> **TASK DESCRIPTION**: Only those lines in the data below from the line containing "Dimensions : Poitrine" through the line containing "AGGIORNATO -RICCO DI", both included, should be restated word for word.

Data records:
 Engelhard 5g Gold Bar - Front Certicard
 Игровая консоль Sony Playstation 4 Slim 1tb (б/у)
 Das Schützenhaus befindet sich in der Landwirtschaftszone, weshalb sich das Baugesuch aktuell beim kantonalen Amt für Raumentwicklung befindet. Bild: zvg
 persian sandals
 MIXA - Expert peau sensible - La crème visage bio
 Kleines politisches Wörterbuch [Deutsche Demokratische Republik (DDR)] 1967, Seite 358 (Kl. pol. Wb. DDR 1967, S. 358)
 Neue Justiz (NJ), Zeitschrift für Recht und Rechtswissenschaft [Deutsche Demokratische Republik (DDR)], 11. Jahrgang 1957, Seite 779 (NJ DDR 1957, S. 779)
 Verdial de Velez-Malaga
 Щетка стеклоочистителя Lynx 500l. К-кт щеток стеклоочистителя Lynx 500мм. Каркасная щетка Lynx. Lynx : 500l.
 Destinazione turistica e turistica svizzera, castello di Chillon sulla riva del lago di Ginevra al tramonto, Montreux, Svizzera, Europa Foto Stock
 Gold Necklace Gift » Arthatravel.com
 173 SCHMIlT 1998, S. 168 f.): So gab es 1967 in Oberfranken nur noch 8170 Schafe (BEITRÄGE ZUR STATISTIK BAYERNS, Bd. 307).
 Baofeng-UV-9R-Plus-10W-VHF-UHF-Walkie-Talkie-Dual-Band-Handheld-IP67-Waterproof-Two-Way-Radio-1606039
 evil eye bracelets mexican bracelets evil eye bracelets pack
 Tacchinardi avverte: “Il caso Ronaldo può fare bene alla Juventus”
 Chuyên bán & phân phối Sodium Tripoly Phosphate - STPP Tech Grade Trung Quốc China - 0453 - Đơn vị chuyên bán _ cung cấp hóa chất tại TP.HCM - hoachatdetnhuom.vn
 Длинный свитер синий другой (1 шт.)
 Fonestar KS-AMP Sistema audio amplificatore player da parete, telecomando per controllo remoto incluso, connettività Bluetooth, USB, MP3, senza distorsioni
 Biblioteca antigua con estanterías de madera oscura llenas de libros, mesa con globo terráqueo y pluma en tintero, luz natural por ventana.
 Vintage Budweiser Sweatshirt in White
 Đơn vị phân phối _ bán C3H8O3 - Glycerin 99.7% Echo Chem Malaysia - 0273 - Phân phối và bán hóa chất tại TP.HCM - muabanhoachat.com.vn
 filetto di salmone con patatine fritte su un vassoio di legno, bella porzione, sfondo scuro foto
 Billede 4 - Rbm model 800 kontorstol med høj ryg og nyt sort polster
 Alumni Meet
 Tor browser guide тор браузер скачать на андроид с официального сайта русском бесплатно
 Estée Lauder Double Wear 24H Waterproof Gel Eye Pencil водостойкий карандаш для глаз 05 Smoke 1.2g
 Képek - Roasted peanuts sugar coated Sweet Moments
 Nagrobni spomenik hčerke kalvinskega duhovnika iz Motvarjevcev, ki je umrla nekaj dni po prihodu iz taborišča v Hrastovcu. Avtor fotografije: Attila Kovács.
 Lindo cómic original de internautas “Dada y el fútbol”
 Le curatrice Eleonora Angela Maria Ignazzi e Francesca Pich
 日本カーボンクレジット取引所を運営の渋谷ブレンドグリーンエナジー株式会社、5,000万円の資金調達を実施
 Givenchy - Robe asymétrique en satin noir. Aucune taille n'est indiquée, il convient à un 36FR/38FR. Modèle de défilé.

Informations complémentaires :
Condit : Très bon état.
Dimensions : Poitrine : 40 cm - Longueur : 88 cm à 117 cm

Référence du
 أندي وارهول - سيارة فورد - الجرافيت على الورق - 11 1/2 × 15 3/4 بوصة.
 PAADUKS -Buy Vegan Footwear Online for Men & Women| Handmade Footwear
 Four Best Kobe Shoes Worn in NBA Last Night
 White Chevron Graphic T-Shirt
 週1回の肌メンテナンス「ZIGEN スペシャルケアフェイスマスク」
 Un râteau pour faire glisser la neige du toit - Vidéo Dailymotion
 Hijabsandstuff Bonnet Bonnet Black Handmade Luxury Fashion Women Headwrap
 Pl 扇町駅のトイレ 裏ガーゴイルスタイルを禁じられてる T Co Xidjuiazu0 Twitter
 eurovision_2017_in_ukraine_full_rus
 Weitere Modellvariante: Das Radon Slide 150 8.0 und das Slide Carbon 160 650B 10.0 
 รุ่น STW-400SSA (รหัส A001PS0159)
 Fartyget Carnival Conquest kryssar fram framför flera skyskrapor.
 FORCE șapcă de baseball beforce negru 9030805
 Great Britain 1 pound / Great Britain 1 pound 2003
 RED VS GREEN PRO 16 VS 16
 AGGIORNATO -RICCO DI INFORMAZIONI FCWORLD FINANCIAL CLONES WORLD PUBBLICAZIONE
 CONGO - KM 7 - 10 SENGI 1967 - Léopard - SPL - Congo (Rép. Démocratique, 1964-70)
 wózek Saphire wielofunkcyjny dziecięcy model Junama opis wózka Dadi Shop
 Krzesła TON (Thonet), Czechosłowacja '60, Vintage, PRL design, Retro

> **EXPECTED OUTPUT**:
Dimensions : Poitrine : 40 cm - Longueur : 88 cm à 117 cm

Référence du
 أندي وارهول - سيارة فورد - الجرافيت على الورق - 11 1/2 × 15 3/4 بوصة.
 PAADUKS -Buy Vegan Footwear Online for Men & Women| Handmade Footwear
 Four Best Kobe Shoes Worn in NBA Last Night
 White Chevron Graphic T-Shirt
 週1回の肌メンテナンス「ZIGEN スペシャルケアフェイスマスク」
 Un râteau pour faire glisser la neige du toit - Vidéo Dailymotion
 Hijabsandstuff Bonnet Bonnet Black Handmade Luxury Fashion Women Headwrap
 Pl 扇町駅のトイレ 裏ガーゴイルスタイルを禁じられてる T Co Xidjuiazu0 Twitter
 eurovision_2017_in_ukraine_full_rus
 Weitere Modellvariante: Das Radon Slide 150 8.0 und das Slide Carbon 160 650B 10.0 
 รุ่น STW-400SSA (รหัส A001PS0159)
 Fartyget Carnival Conquest kryssar fram framför flera skyskrapor.
 FORCE șapcă de baseball beforce negru 9030805
 Great Britain 1 pound / Great Britain 1 pound 2003
 RED VS GREEN PRO 16 VS 16
 AGGIORNATO -RICCO DI INFORMAZIONI FCWORLD FINANCIAL CLONES WORLD PUBBLICAZIONE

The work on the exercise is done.